Cutler and leaders of another 30 Pennsylvania nonprofit “community development financial institutions” (CDFIs) that make loans too small for banks to profitably close are lobbying Congress members to maintain threatened funding for U.S. Treasury, Housing and Urban Development, Small Business Administration, and Office of Refugee Resettlement programs, which they have used to fund small businesses.

They hope business allies will prevail to keep business subsidies flowing, as Small Business Administration supporters have fought efforts to end politically popular SBA programs with some success, though Biden-era SBA initiatives have been canceled.

“We won’t really know until this fall” how much funding will be lost, Cutler concluded. She’s hoping Philadelphia city government will make up the shortfall as part of its neighborhood-business support initiatives.

Can the private sector fill the gap?

The crowd at Wednesday’s meeting included Aldustus “A.J.” Jordan, who left a senior job at national banking giant Wells Fargo’s foundation at the end of 2022 to become president of the Vanguard Group foundation and head of community stewardship for the Malvern-based investment company, the nation’s second-largest.

The foundation is “embarking on a new strategic philanthropic focus on financial well-being” to “improve the economic outlook for historically marginalized individuals and communities,” it said in a statement. They’re working “to strengthen the nonprofit financial ecosystem” in the Philadelphia area, where the company employs more than 10,000, and other “key Vanguard markets.”

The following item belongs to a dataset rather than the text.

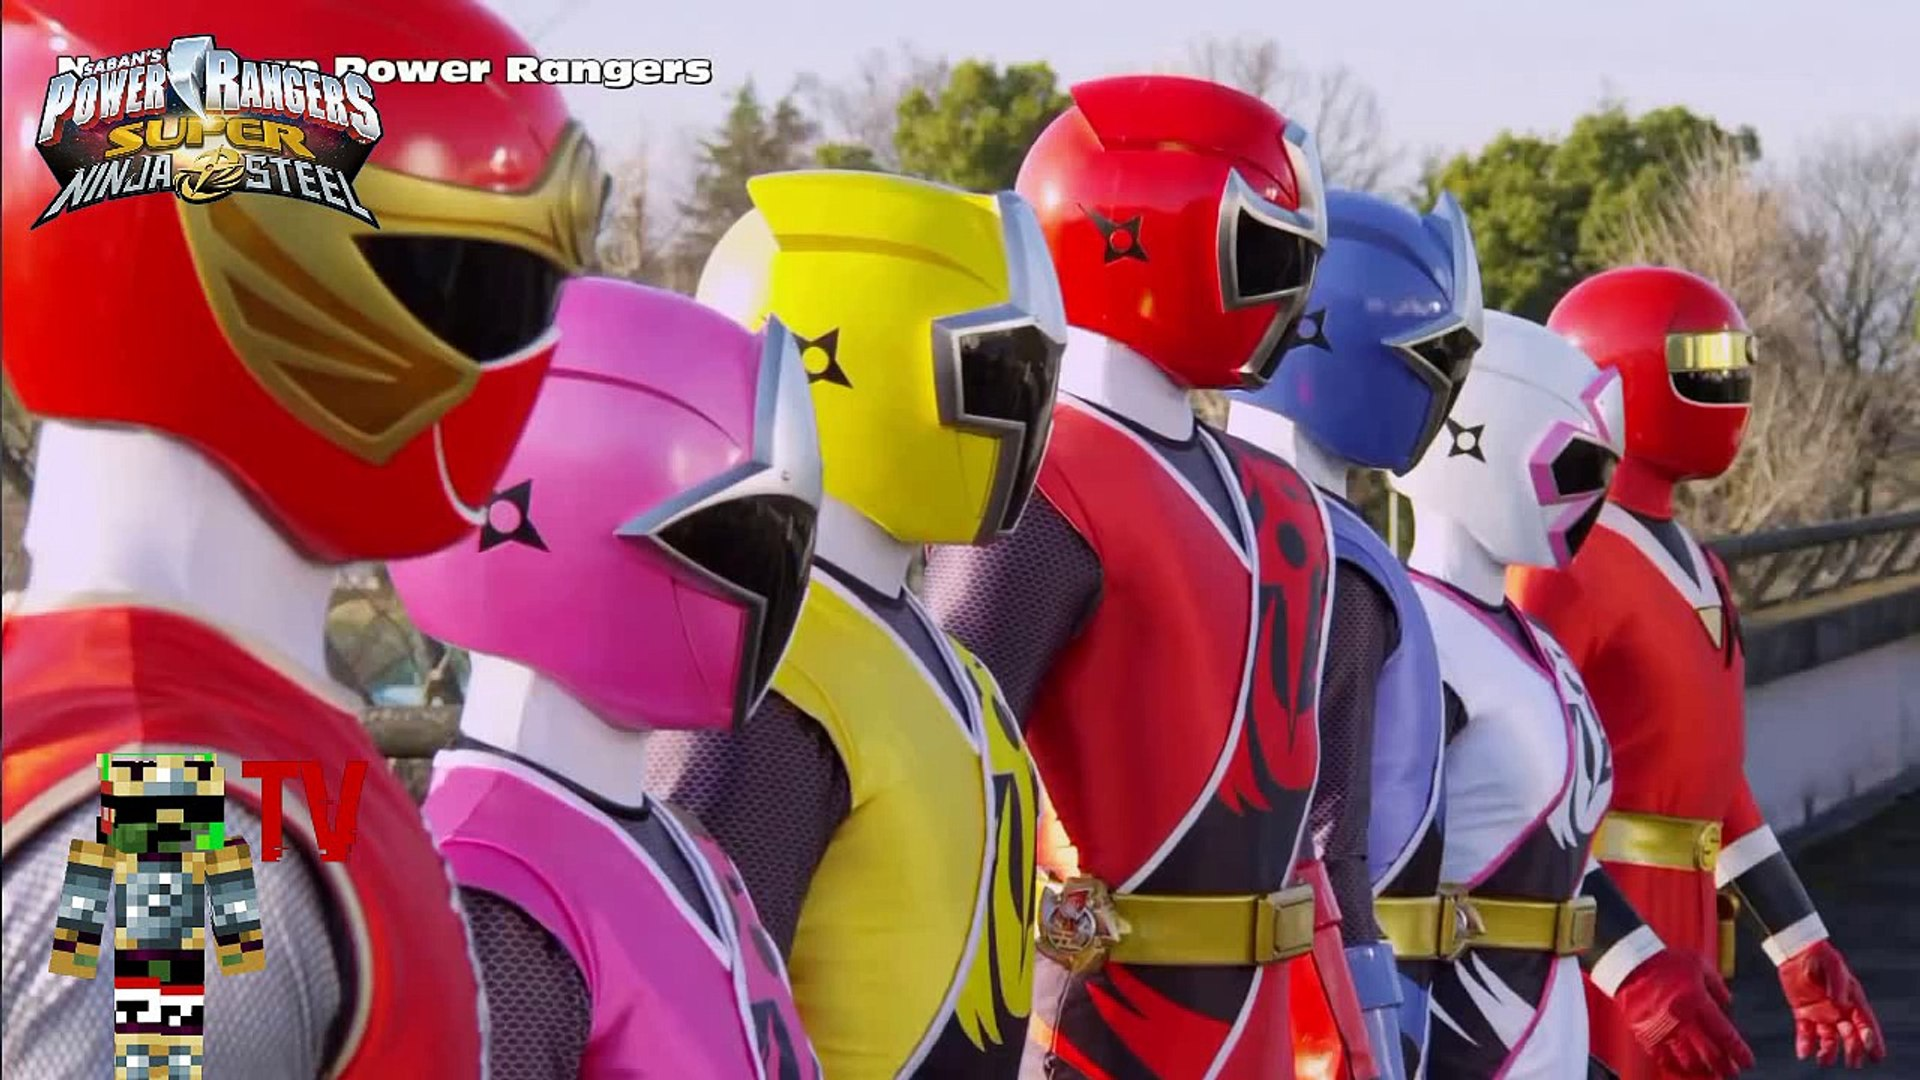 AVANT-PREMIERE PREVIEW - Power Rangers Super Ninja Steel

Jordan didn’t speak at the WORC event, but his colleague Evan Cantiello, a Vanguard charitable program manager, told the crowd the company would be supporting WORC.

Cutler said Vanguard funds will pay for a sixfold expansion in WORC’s client savings account programs, which provide up to $2 in matching grants for every $1 clients save for education and homeownership.

The Vanguard aid should pay program costs and expand participation to around 215 savers a year, up from the current 35, though individual grants vary, Cutler said. That would restore the program to around the size it was in the mid-2000s, before state funding dried up. WORC kept it going at a lower level with smaller grants from United Way and other donors.

Cutler said she had met Cantiello and other Vanguard officials through the Asset Funders Network, a national group uniting big financial institutions and nonprofits that focus on helping start and grow small businesses. “They saw my passion,” she said.

“This is the first support we’ve provided to WORC” from the Vanguard foundation, spokesperson Katie Craven confirmed. Asked how much Vanguard, which invests over $10 trillion for retirees and other clients, expected to contribute to WORC, she referred to the company’s charitable foundation report.

That report shows Vanguard’s largest charitable gifts in recent years include $4.9 million for the Pennsylvania Partnerships for Children, which advocates for childcare; $4.6 million to Children’s Hospital of Philadelphia; $3.9 million to the Reinvestment Fund, a nonprofit lender and research group; $1.7 million to the Free Library of Philadelphia.

All are based in Philadelphia. The foundation’s largest contributions were typically spread over several years.